Como avalia a qualidade da produção das microcervejarias no Brasil se comparada ao


restante do mundo?

O Brasil está começando agora, embora sua evolução esteja sendo muito rápida, melhorando a
cada dia. Ao redor do mundo, as cervejarias são melhores. Detêm qualidade elevada, pois
fazem cerveja há muito mais tempo que a gente. Sem contar que alguns países têm mais
facilidade, sem precisar gastar muito, enquanto nós importamos boa parte da matéria-prima.

Dave-Shafer / Banco de imagens

Nossa cervejas têm condições de competir com as importadas? Poderia citar exemplos
de bom custo benefício para os produtos nacionais?

Com certeza. Nossa cerveja tem ganhado prêmios lá fora. A Eisenbahn, de Blumenau (SC),
por exemplo, conquista uma ou outra medalha em quase todos os concursos. Já o custo-
benefício depende da variedade, é o consumidor quem avalia. As nacionais são mais baratas
em função da variação cambial e saem por uma média de R$ 8, enquanto as importadas
custam em torno de R$ 12 e R$ 15.

O que falta para essas microcervajarias competirem em pé de igualdade com as grandes


empresas?

Principalmente, a redução dos impostos. As microcervejarias pagam os mesmos tributos que


as de grande porte. É uma concorrência muito injusta, que inviabiliza um preço mais
competitivo. Se os encargos diminuíssem, elas investiriam mais e a produção também seria
maior. Tudo no Brasil é mais caro. Mas ainda assim, a última pesquisa do Instituto Nielsen
revelou que o mercado de cervejas especiais no Brasil está crescendo 17% ao ano, enquanto
as fabricadas em larga escala crescem entre 2% e 3%.

Harmonizar comida com cerveja e tão complexo quanto com vinho?

É mais fácil fazer uma harmonização com cervejas que com vinhos, e muitas vezes até com
mais vantagens. Um exemplo são as sobremesas. Combiná-las com vinhos é mais complicado.
Já as cervejas com malte mais tostado, notas de frutas e café vão perfeitamente com doces.
Sem contar os churrascos que casam bem com maltes defumados. A grande variedade de
cervejas consegue abrir um amplo leque de harmonizações.

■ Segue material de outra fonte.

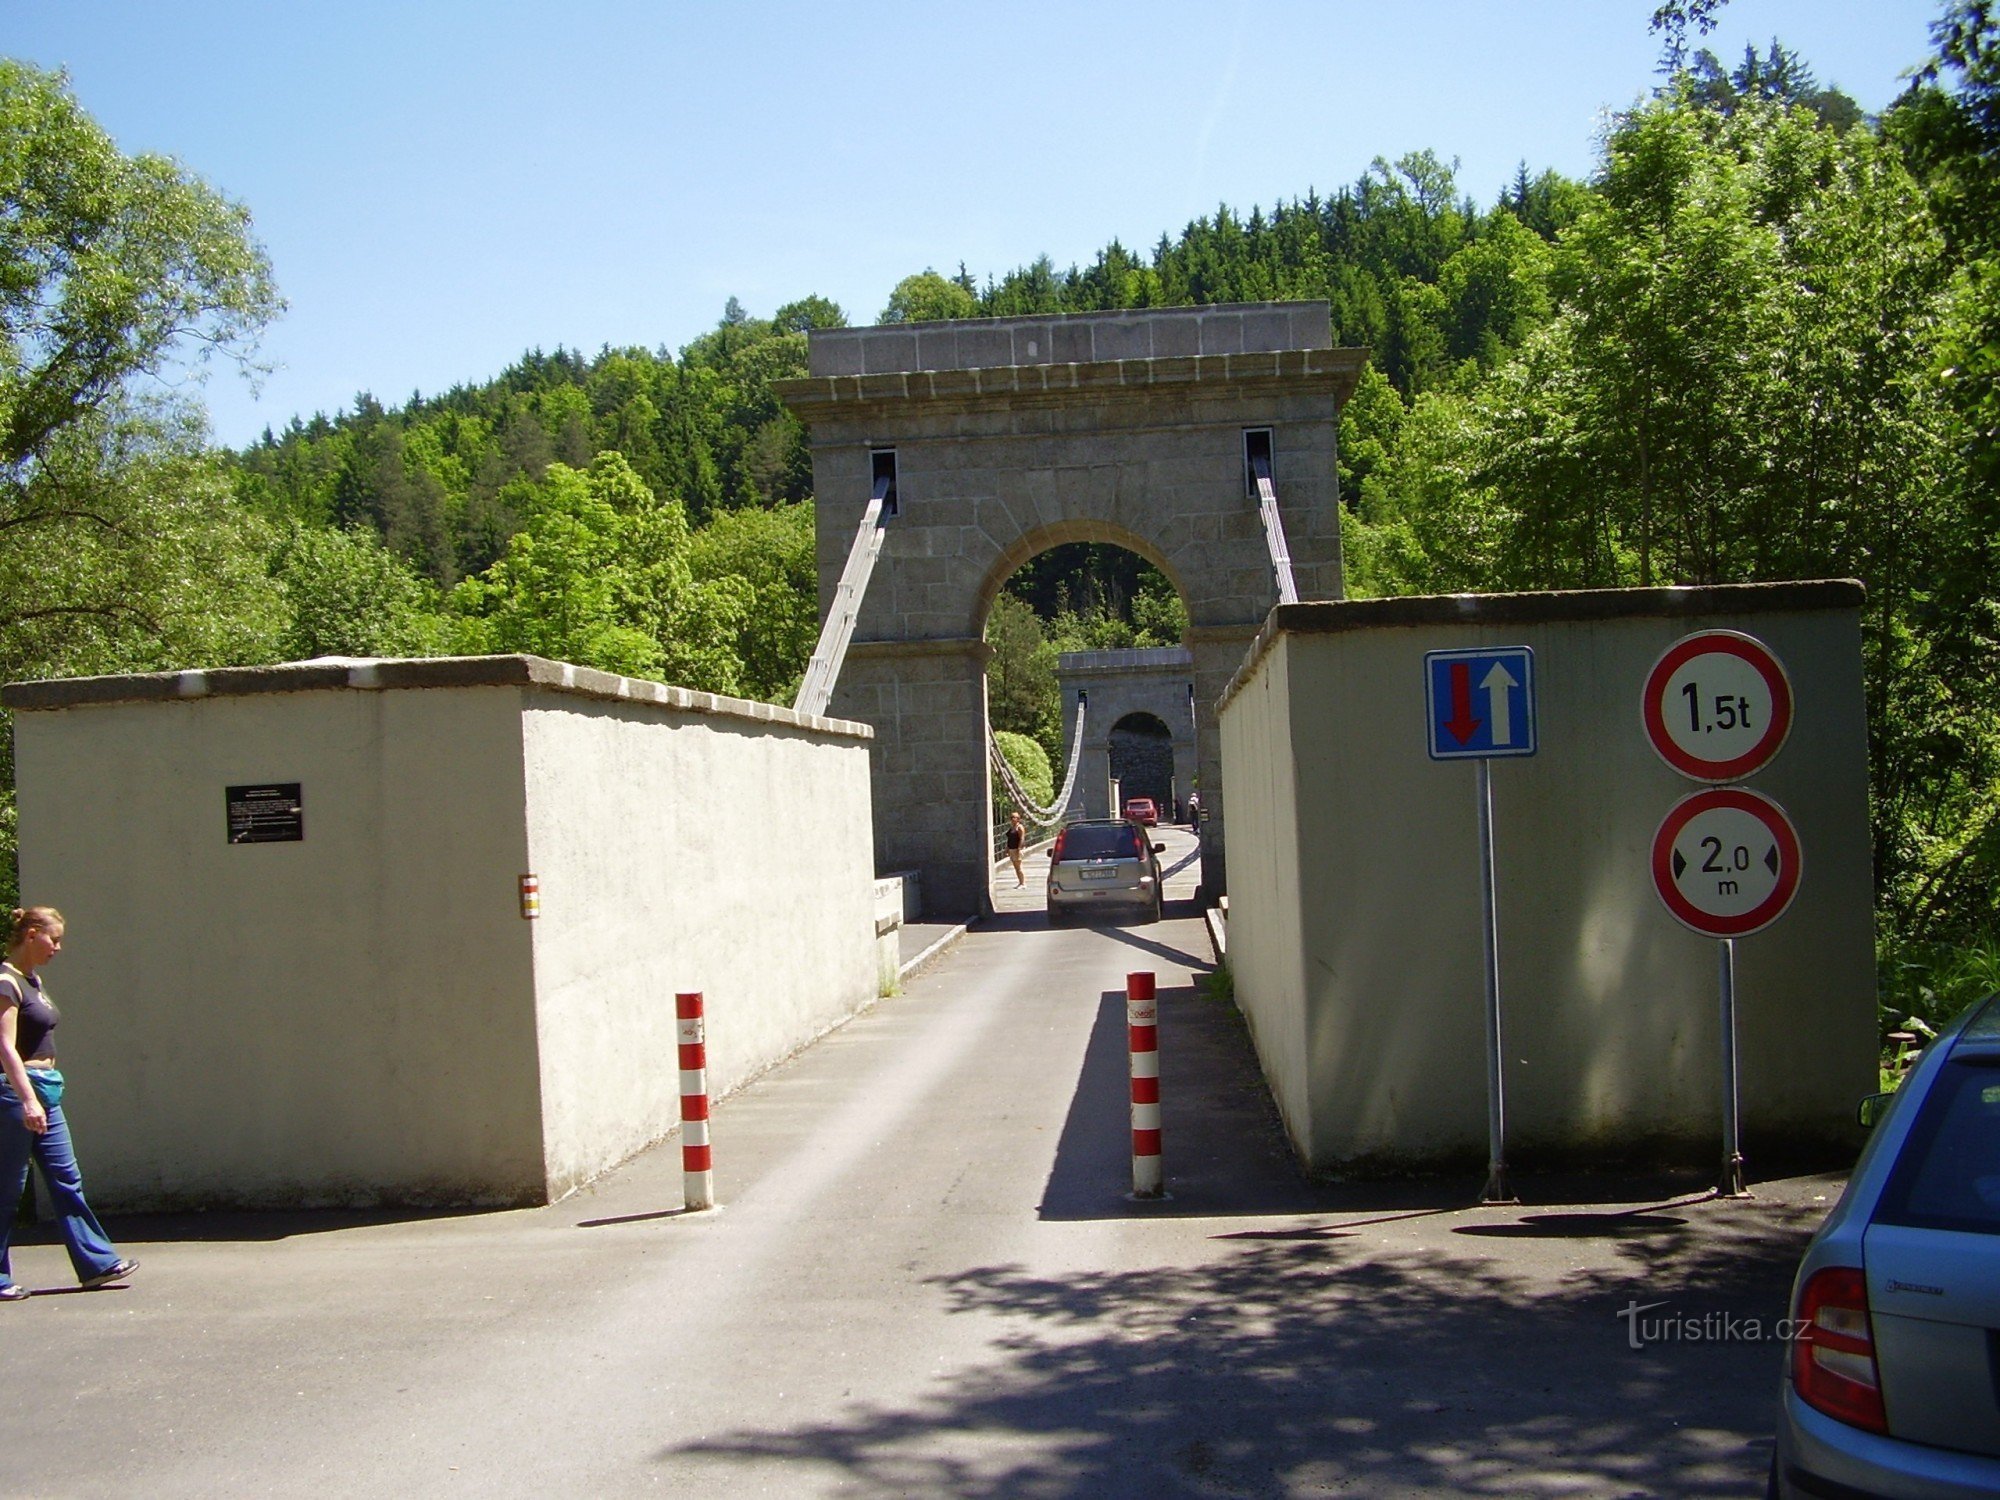 Chain bridge in Stádlec

Michael Rosenfeld / Banco de imagens

Há uma certa rixa entre os apreciadores de cervejas e os de vinhos. Você poderia


estabelecer uma comparação entre as duas bebidas?

Não há motivos para rivalidades. Suas histórias têm a mesma nobreza. São bebidas que se
complementam. Ambas são fermentadas, foram descobertas mais ou menos na mesma época
e suas culturas se desenvolveram de acordo com suas divisões geográficas, questões de solos
e climas mais propensos para uma ou outra. Mas as duas foram fundamentais no
desenvolvimento das civilizações, elas alimentaram ao mesmo tempo a humanidade.

Qual sua cerveja preferida e por quê?

Para mim não existe uma única preferida. Existem 120 preferidas, uma para cada estilo, o que
me faz muito feliz, porque se eu enjoar de uma posso ir para outra tranquilamente. Por
exemplo, do estilo Belgian Dark Strong Ale, minha favorita é a trapista Westvleteren. Em
segundo lugar, fica a Pilsner Urquell. Sem deixar o Brasil de fora, daqui a minha predileta é a
Colorado Indica, que é uma tipo India Pale Ale (IPA).